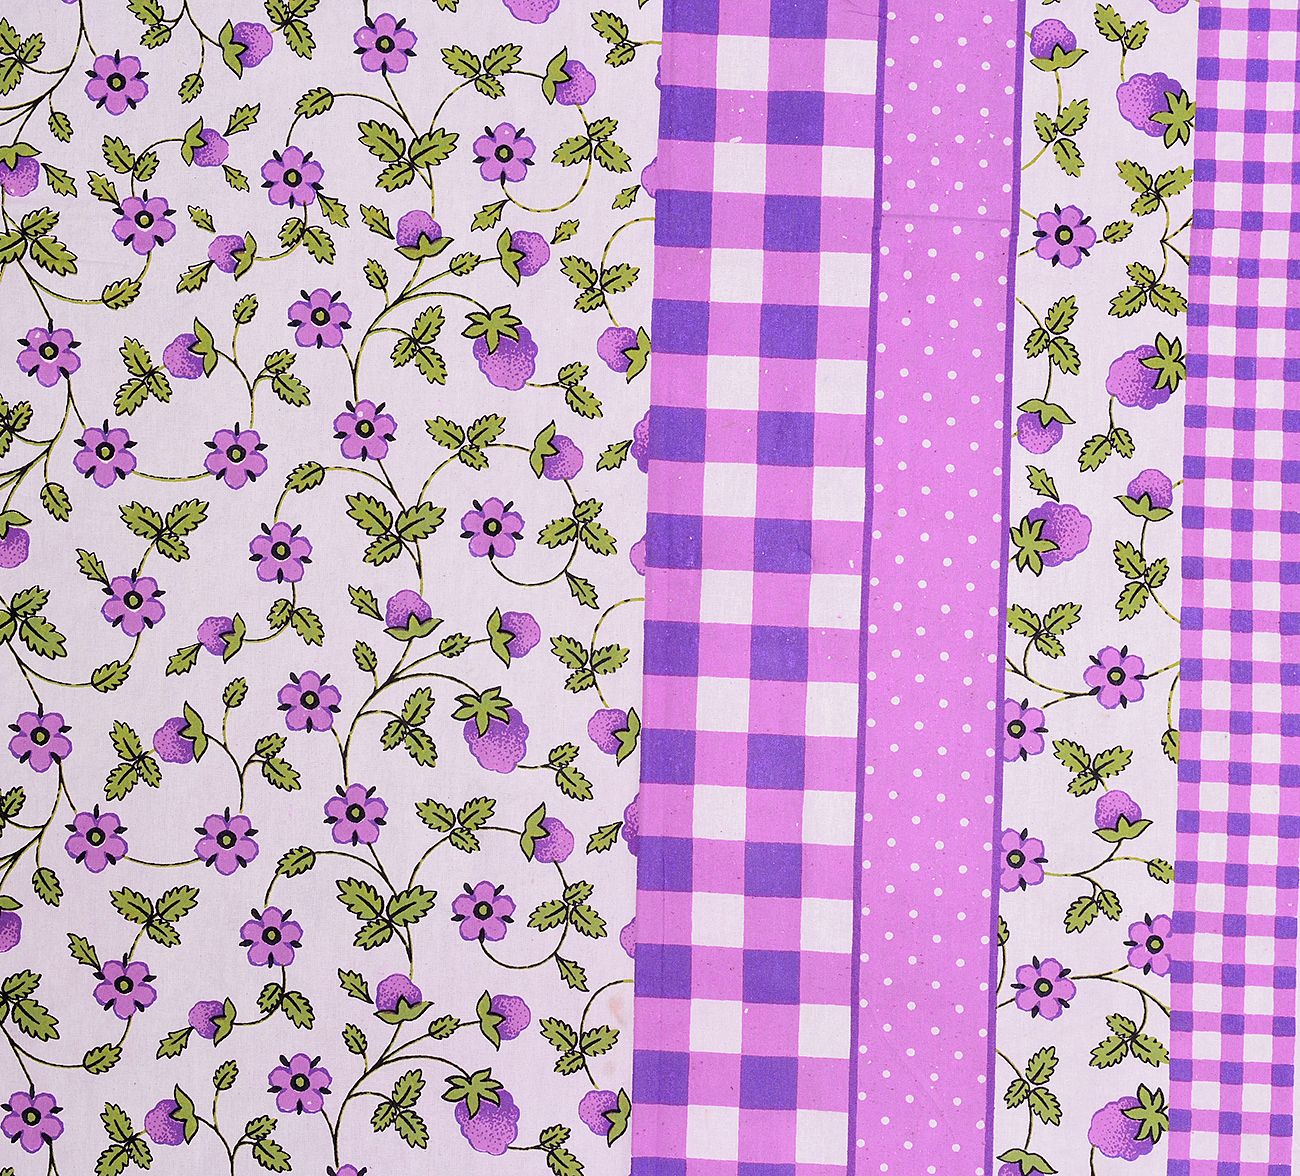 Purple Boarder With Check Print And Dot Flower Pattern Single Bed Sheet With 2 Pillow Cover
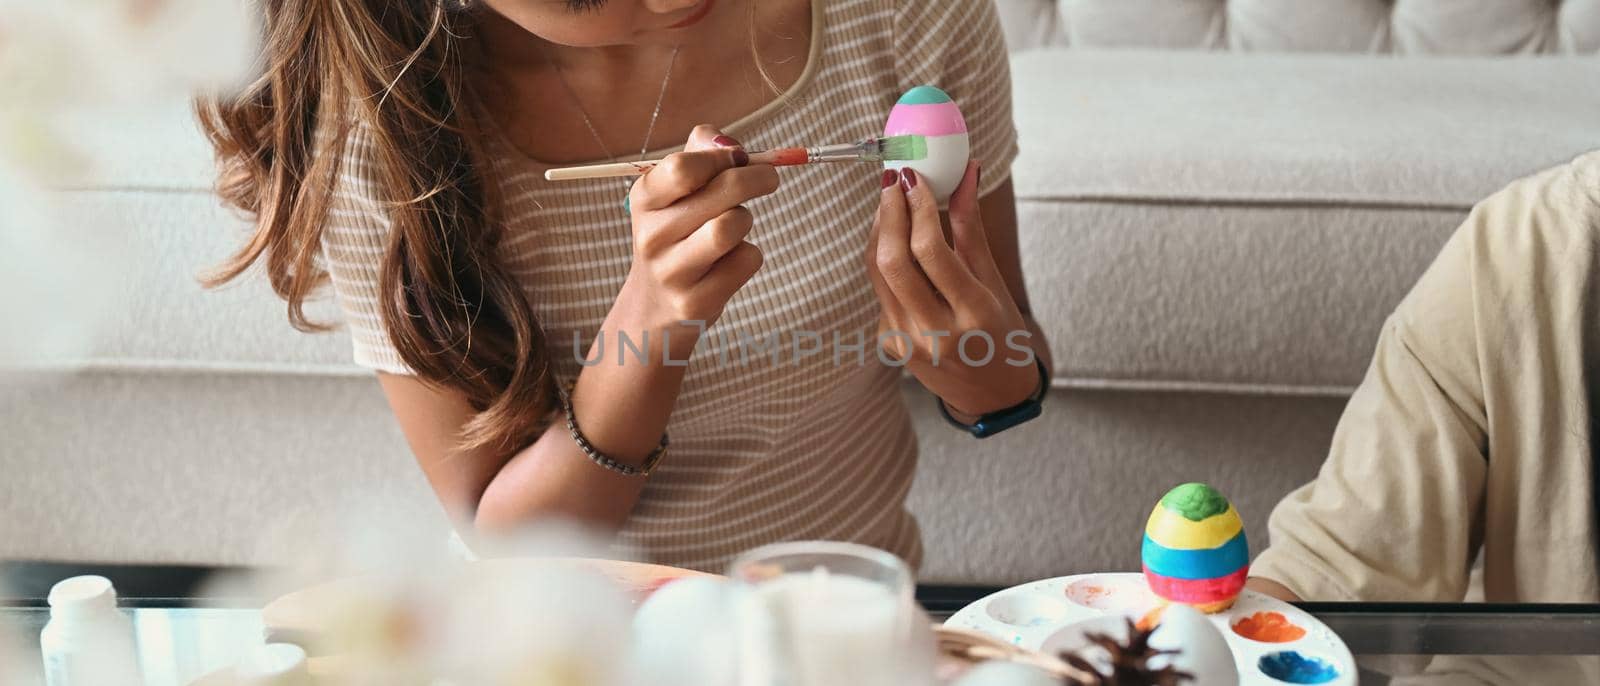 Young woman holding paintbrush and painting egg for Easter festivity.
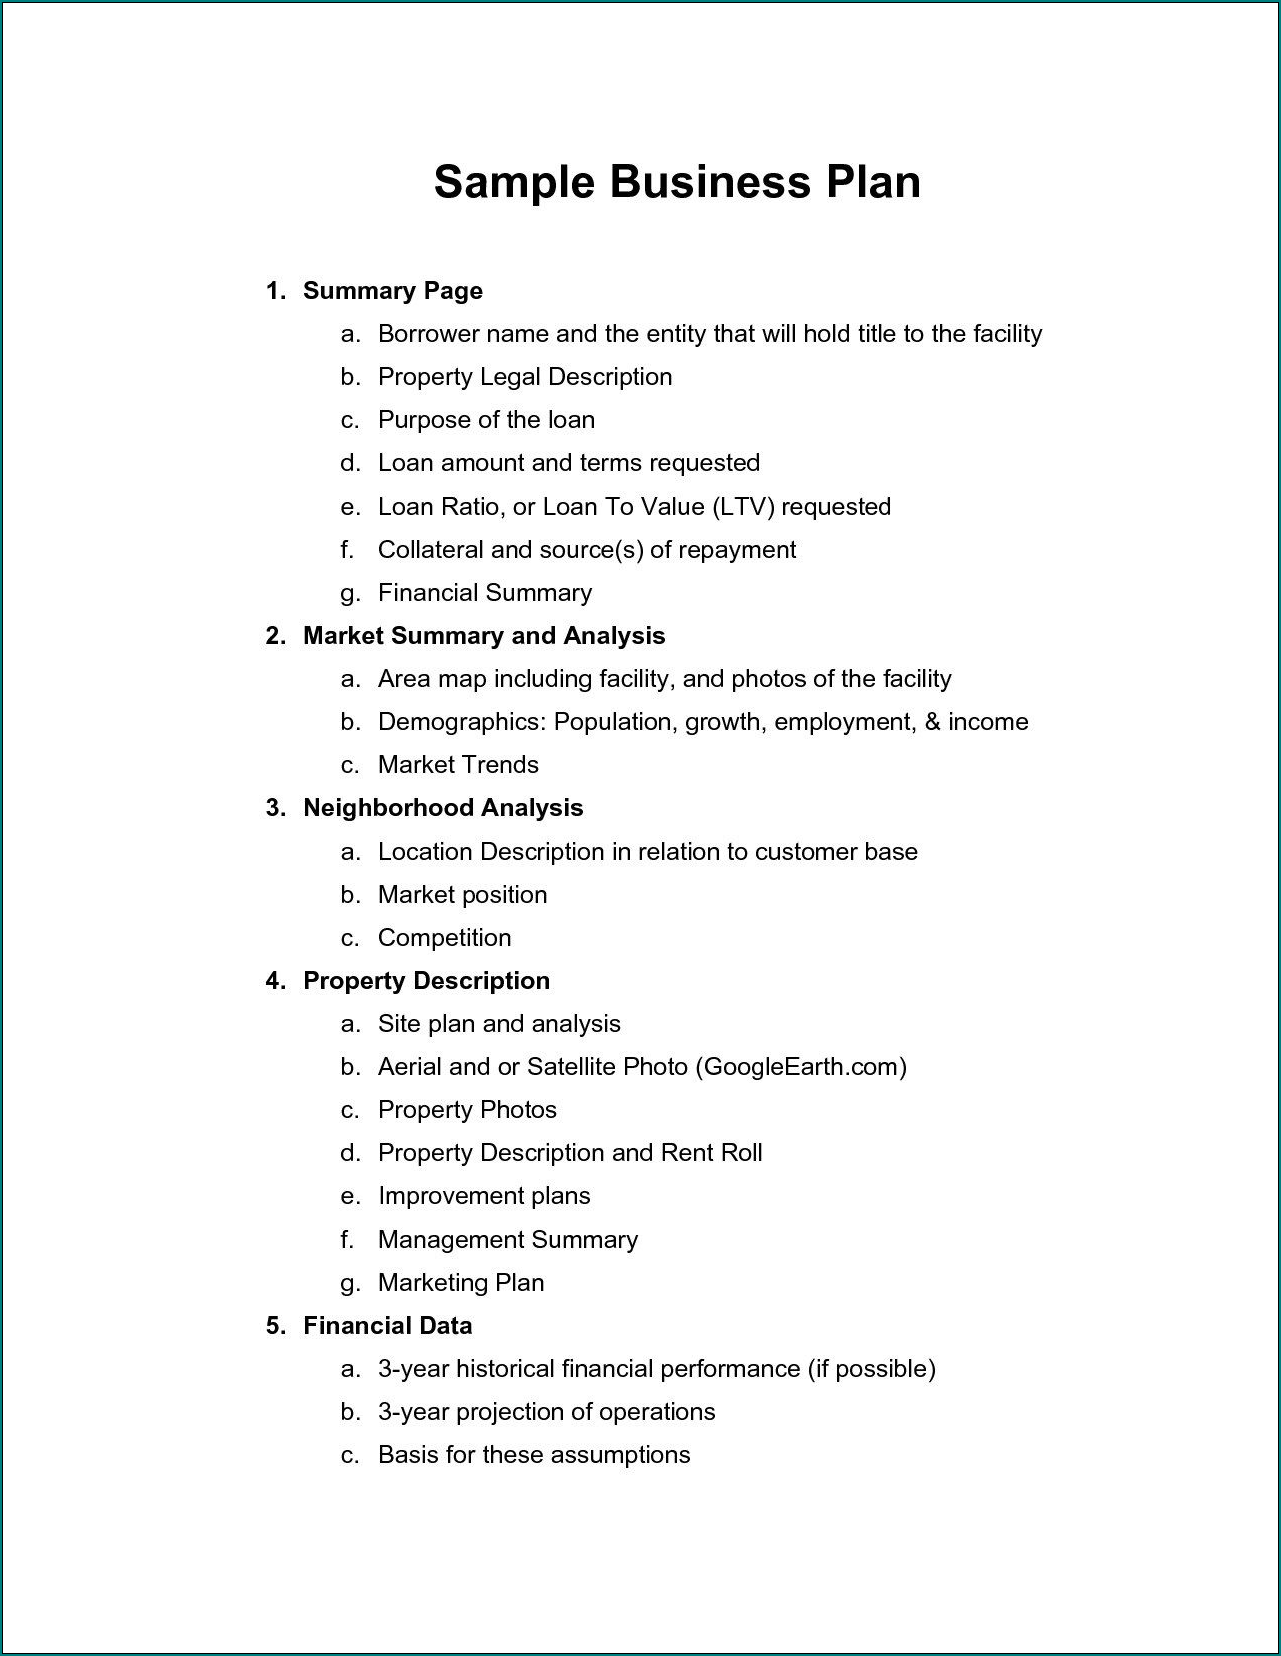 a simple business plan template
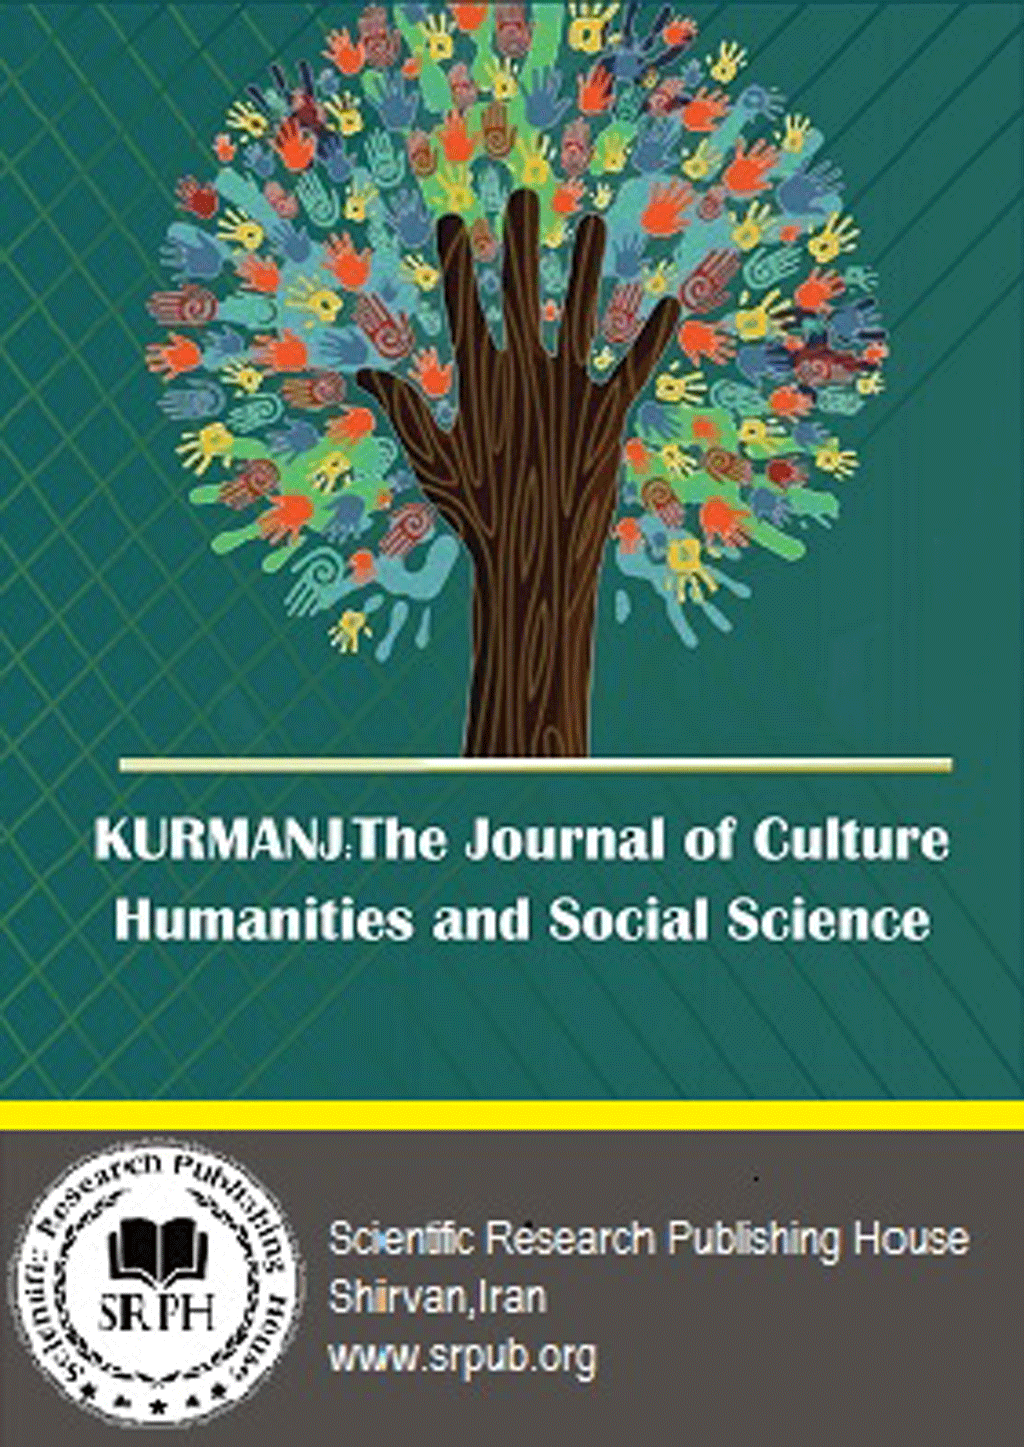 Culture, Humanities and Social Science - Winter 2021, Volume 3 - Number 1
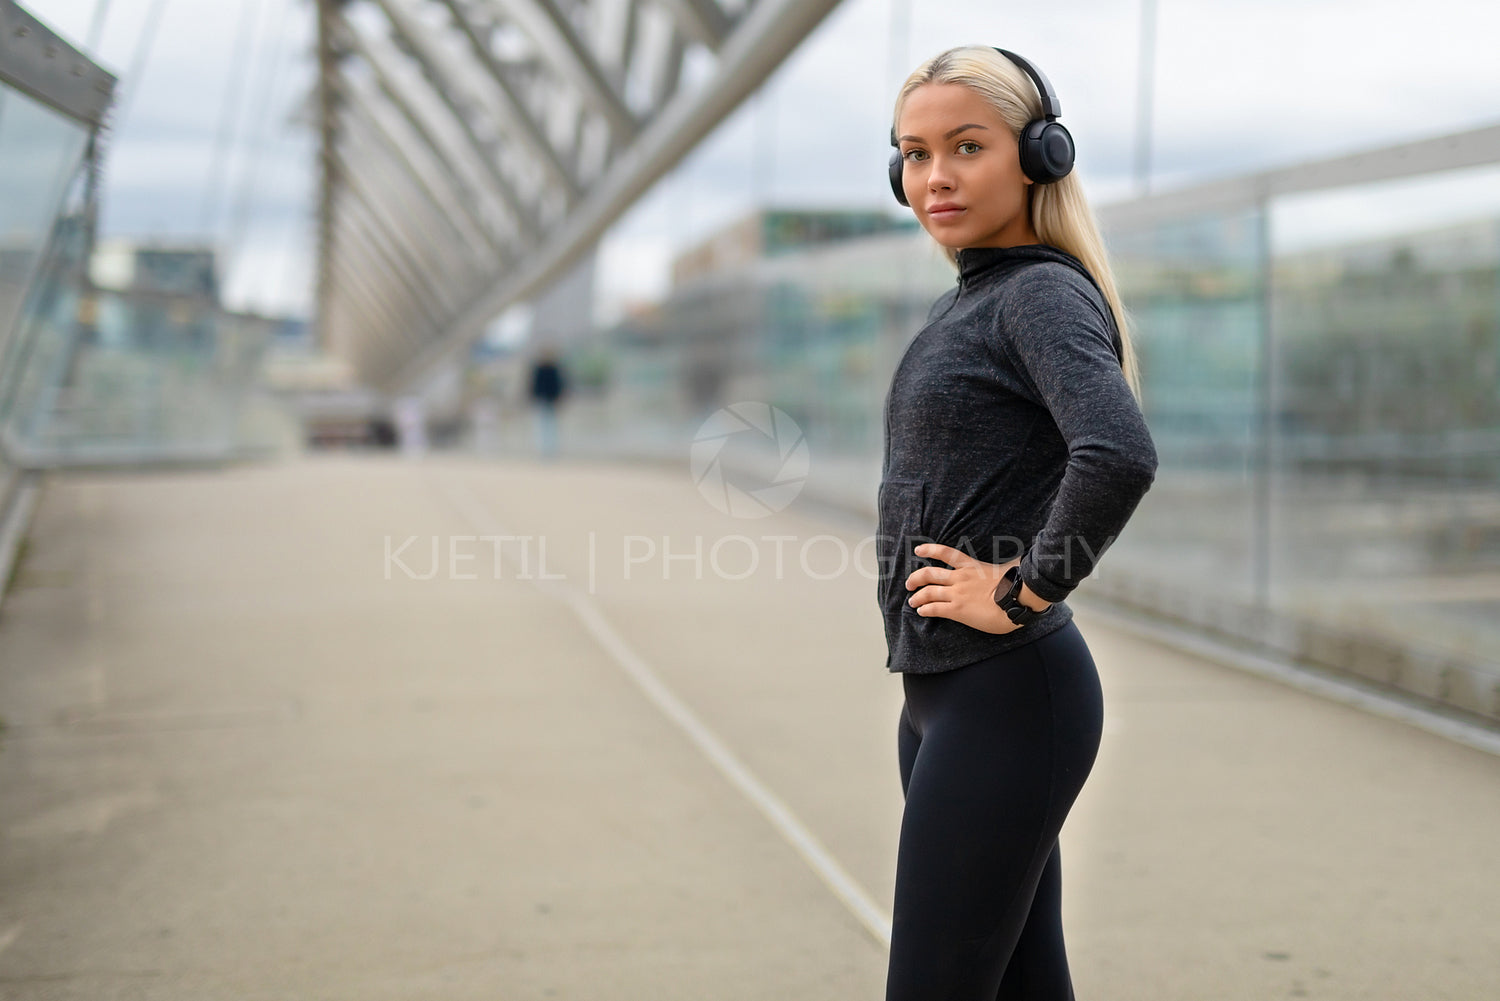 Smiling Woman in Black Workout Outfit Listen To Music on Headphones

____

__Instructions to follow__.
The required output is every line from the one containing "Culture, Humanities and" through the last line of the records, inclusive, reproduced exactly and without pictures.

__Expected answer__.
 Culture, Humanities and Social Science - Winter 2021, Volume 3 - Number 1
 Smiling Woman in Black Workout Outfit Listen To Music on Headphones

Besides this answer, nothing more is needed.